В «Школьной горке» перед Твеном, казалось бы, не могло возникнуть особых сложностей, поскольку он возвращался к всесторонне им освоенному материалу. Однако и здесь выработанные принципы изображения пришли в конфликт с задачей, требовавшей для себя иной поэтики. Ключевым эпизодом рассказа оказались не сценки школьной жизни, сравнительно бледные, хотя в них и фигурируют и Том Сойер и Гек Финн, а рассказ Сорок четвертого о том, как его отец (т.е. Падший ангел) соперничал с Всевышним за душу Адама: предполагалось, что «запретный плод даст людям познать добро и зло, только и всего, но Сатане эти материи были известны и без плода… Он знал, что плод вызовет у людей неутолимую и сожигающую страсть творить зло, ибо она, эта страсть, для них естественна: так искры летят всегда вверх, а вода всегда стремится вниз… вот и человек принадлежит всецело злу, безраздельно злу, непоколебимо злу, а делать добро для него было бы столь же странно, как воде потечь вверх по холму». На шокирующих откровениях такого рода завершается рукопись «Школьной горки», и можно понять, почему Твен отказался от продолжения: не говоря уже о бесцветности фигур Тома и Гека, весь художественный мир, ассоциируемый с присутствием этих героев, оказывался дисгармоничен подобной философско-аллегорической установке, которая доминирует в «Таинственном незнакомце».
Последний вариант в этом отношении наиболее показателен. Сделав рассказчиком шестнадцатилетнего Августа Фельднера и густо оснастив его речь профессиональным жаргоном наборщиков, Твен как бы указывал на «Гека Финна» как на ближайший в своем творчестве прототип повествования, предложенного в «Типографии». В начальных главах этого варианта стилистическая ориентация на «Гека Финна» вполне наглядна. Твен попытался сохранить ее и дальше, выделив в качестве одного из «сквозных» мотивов действия несовпадение игры и реальности, столь важное для всего его искусства, а в особенности – для книг о подростках из Санкт-Петербурга. Однако «игра», затеянная Сорок четвертым в типографии, на поверку оказывается испытанием фундаментальных понятий о человеке и с неизбежностью перерастает в философский диспут, для которого любые мистификации и перевоплощения персонажей только служат аргументами, не имея иной ценности – ни для фабулы, ни для психологической характеристики героев. В итоге не столь уж существенно, что повествование ведет Август, а не сам автор. Это признает и рассказчик, отождествляющийся с собственным искусственно созданным двойником и испытывающий «такое чувство, точно у меня головокружение… Никогда еще со мной не бывало так, как сейчас, – ничего не могу понять, просто катастрофа. И страшно, и необычно все это, да и как же это – я, значит, и человек, и по природе уже вроде совсем не человек. Так кто тогда ты?»
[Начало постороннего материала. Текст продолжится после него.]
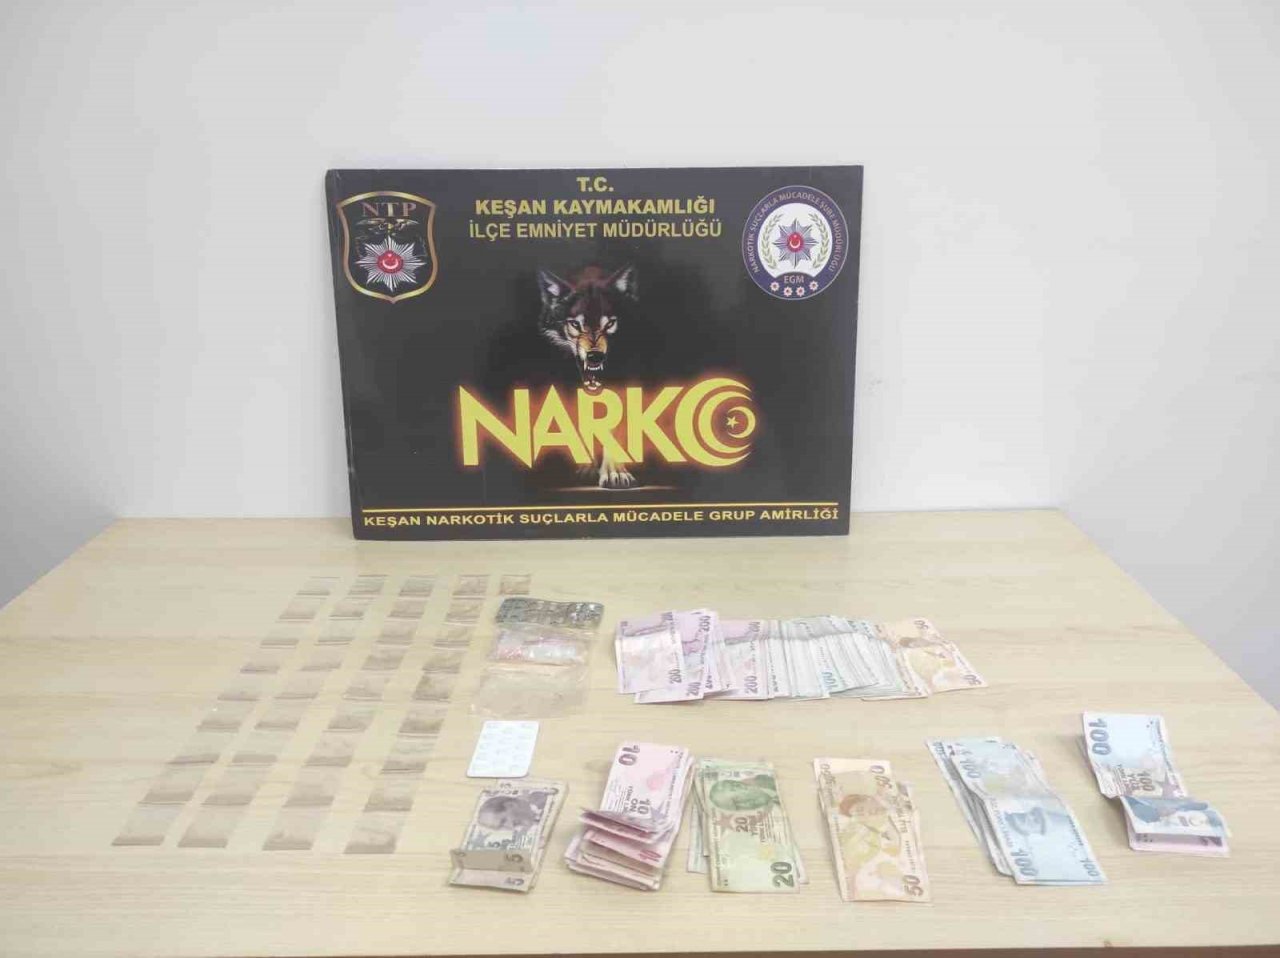 Edirne’de uyuşturucu operasyonu: 26 gözaltı

Август обращается к Сорок четвертому, и его вопрос наивен, так как читателю прекрасно известно, кто этот персонаж. Твена он занимал с юности, даже с детства: в одном из поздних своих эссе он пишет, что семи лет от роду задумал сочинить биографию Сатаны, потому что в воскресной школе не слышал о нем ни единого доброго слова[129]. Есть и более достоверное свидетельство этого рано пробудившегося интереса – письмо брату Ориону, относящееся к 1858 г., когда Твен был лоцманом на Миссисипи. Он читал в ту пору Мильтона, и вот что его больше всего поразило: «Самое замечательное в «Потерянном рае» – это неукротимая энергия врага рода человеческого»[130].
Мировая литературная «дьяволиада» необозрима, важно выделить в ней то, что по документально подтверждаемым данным имело отношение к твеновскому «Таинственному незнакомцу». Мильтон, несомненно, послужил одним из основных источников замысла этой повести. Другим источником была раннехристианская литература: с нею Твен познакомился еще в 1865 г., изучив апокрифические евангелия в нью-йоркской библиотеке перед своей поездкой по святым местам, результатом которой была его первая книга – «Простаки за границей». Следы этого чтения обнаруживаются и в очерках плавания на пароходе «Квакер-Сити», особенно в газетных их публикациях, значительно переработанных для отдельного издания «Простаков за границей», и в «Письмах Сатане», над которыми Твен работал летом 1897 г. (опубликованы в его посмертном сборнике «Европа и другие края», 1923), и в «Письмах с Земли», а также других антирелигиозных твеновских сочинениях.